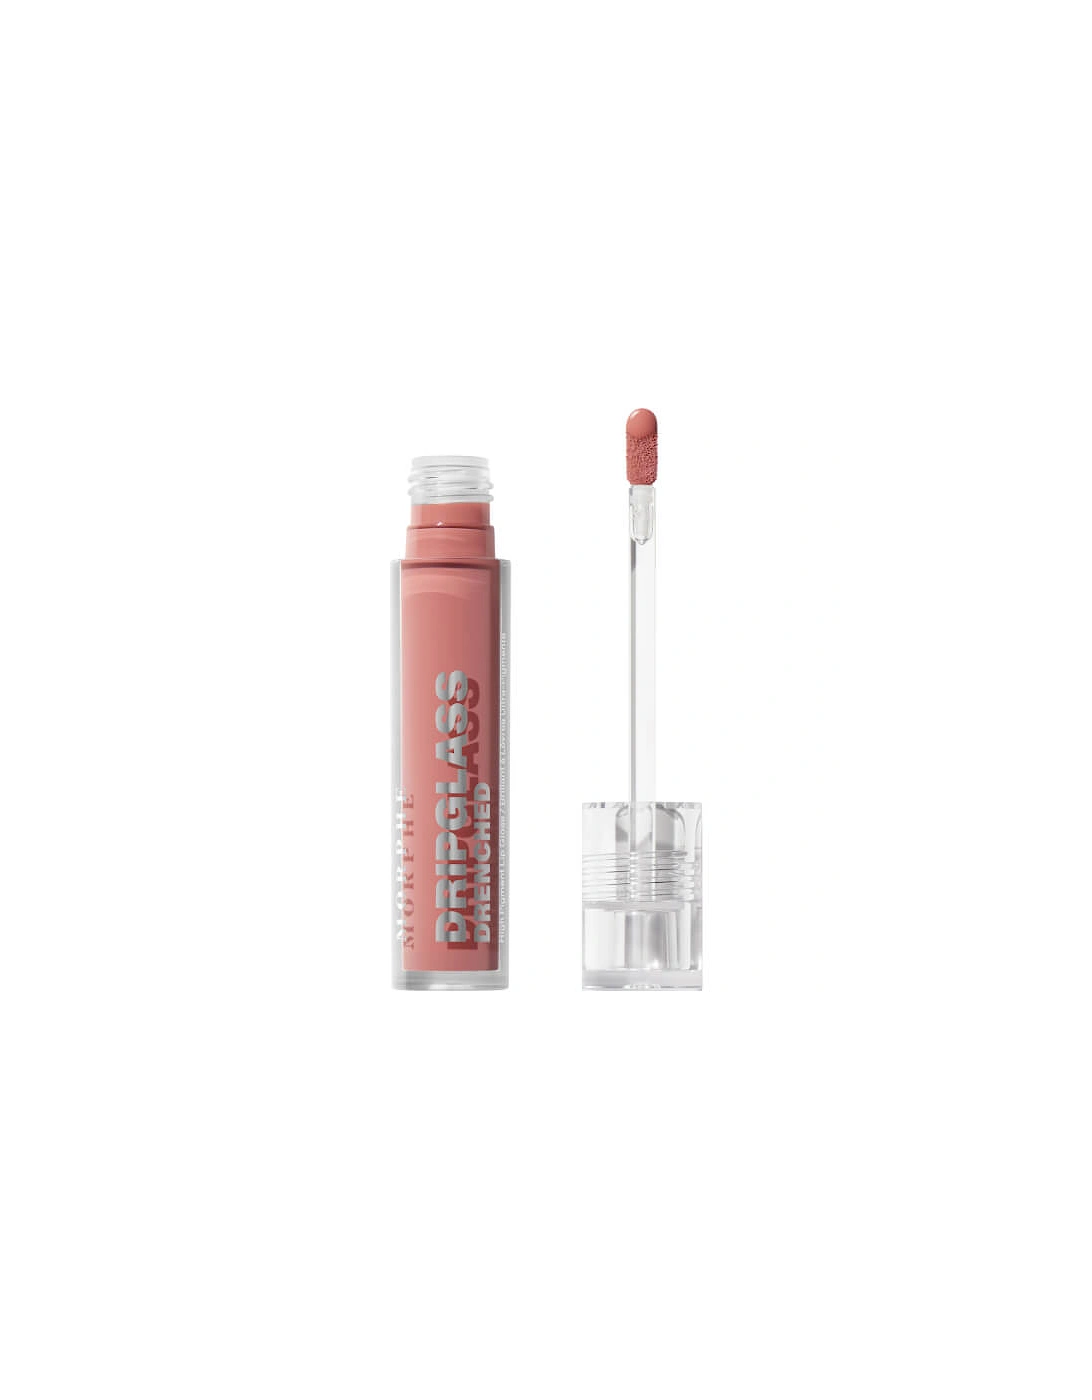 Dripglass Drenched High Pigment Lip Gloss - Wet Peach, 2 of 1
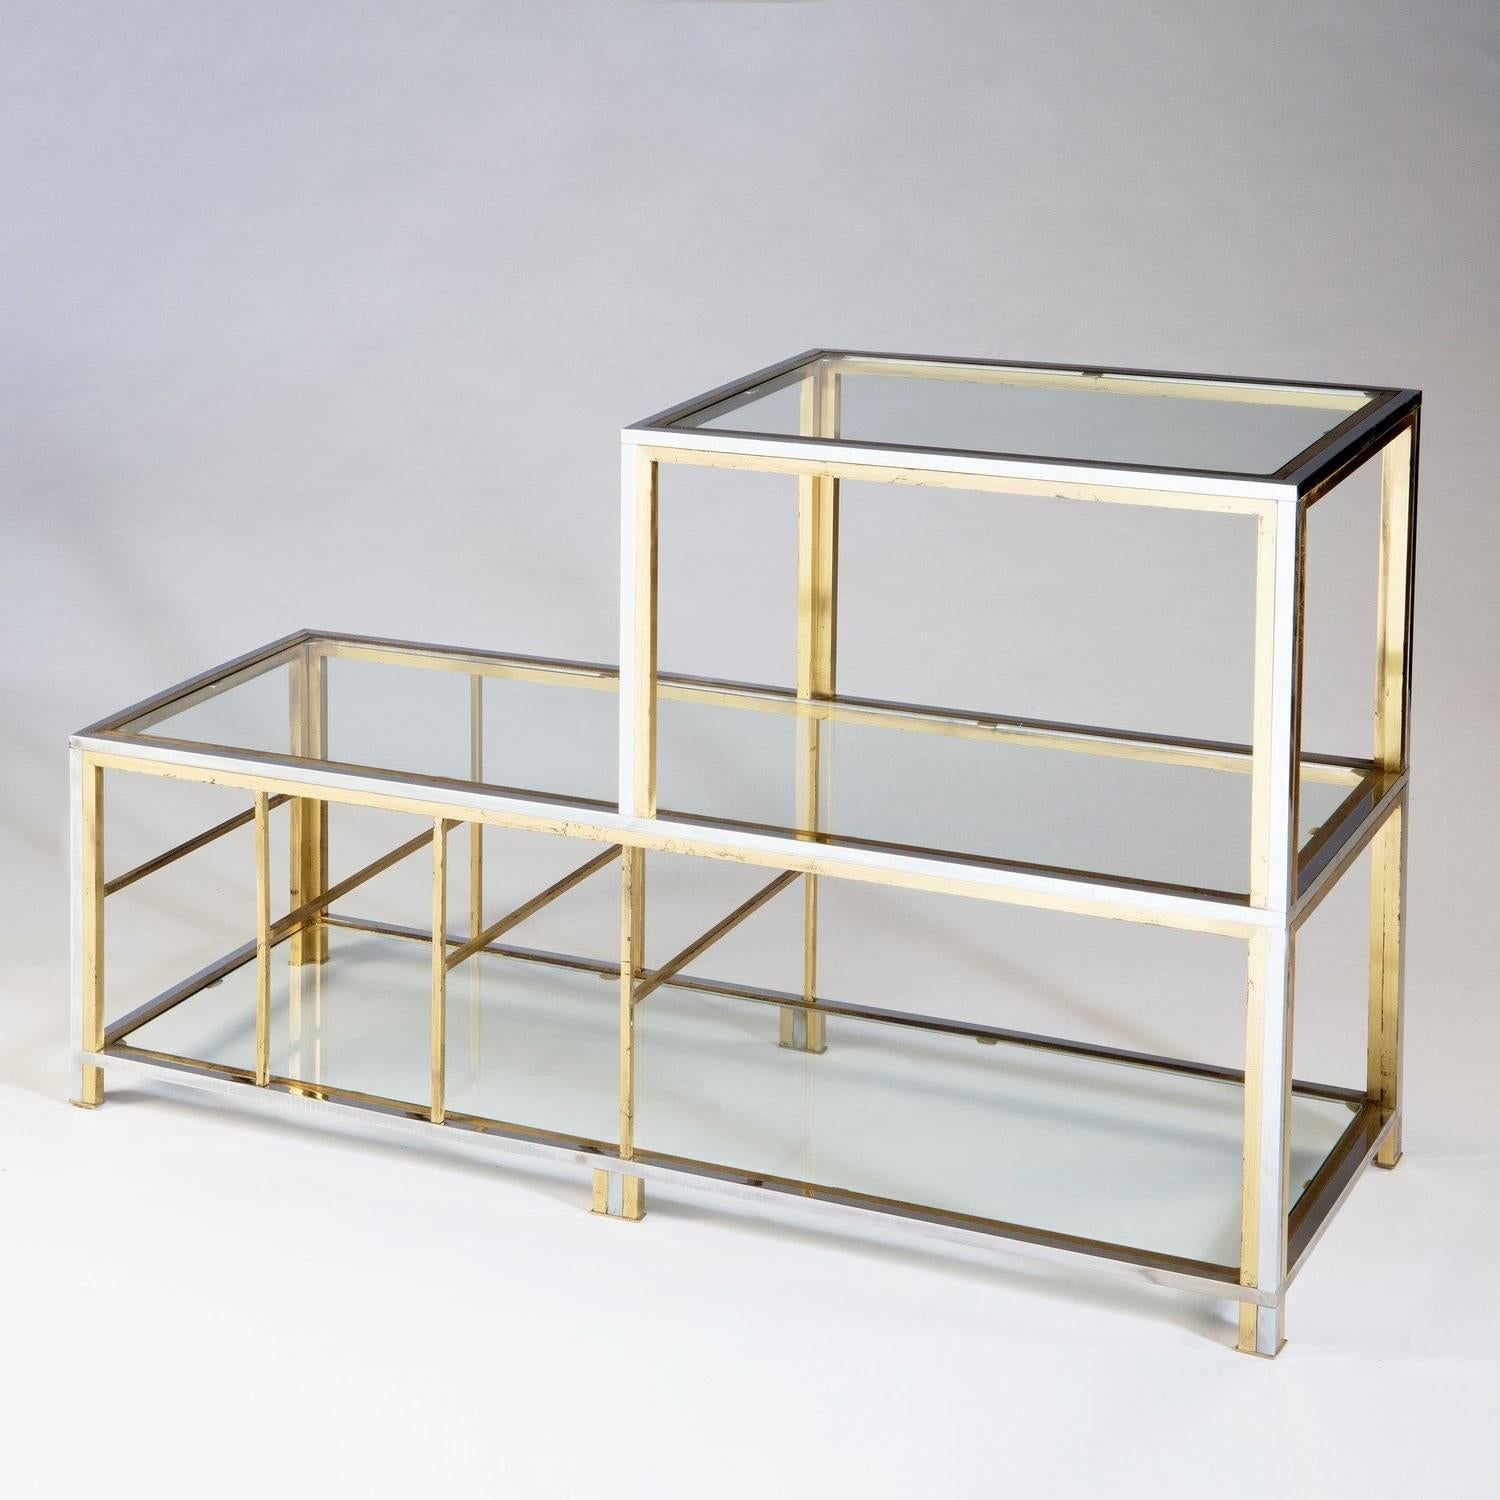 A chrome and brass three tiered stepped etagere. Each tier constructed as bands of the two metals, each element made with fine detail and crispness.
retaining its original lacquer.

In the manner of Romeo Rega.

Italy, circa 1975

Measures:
++++++++++++++++++++
ASSIGNED TASK: Write out, word for word, the line that contains "In the manner of Romeo Rega." and every line after it through the last line of the listing.

RESULT:
In the manner of Romeo Rega.

Italy, circa 1975

Measures:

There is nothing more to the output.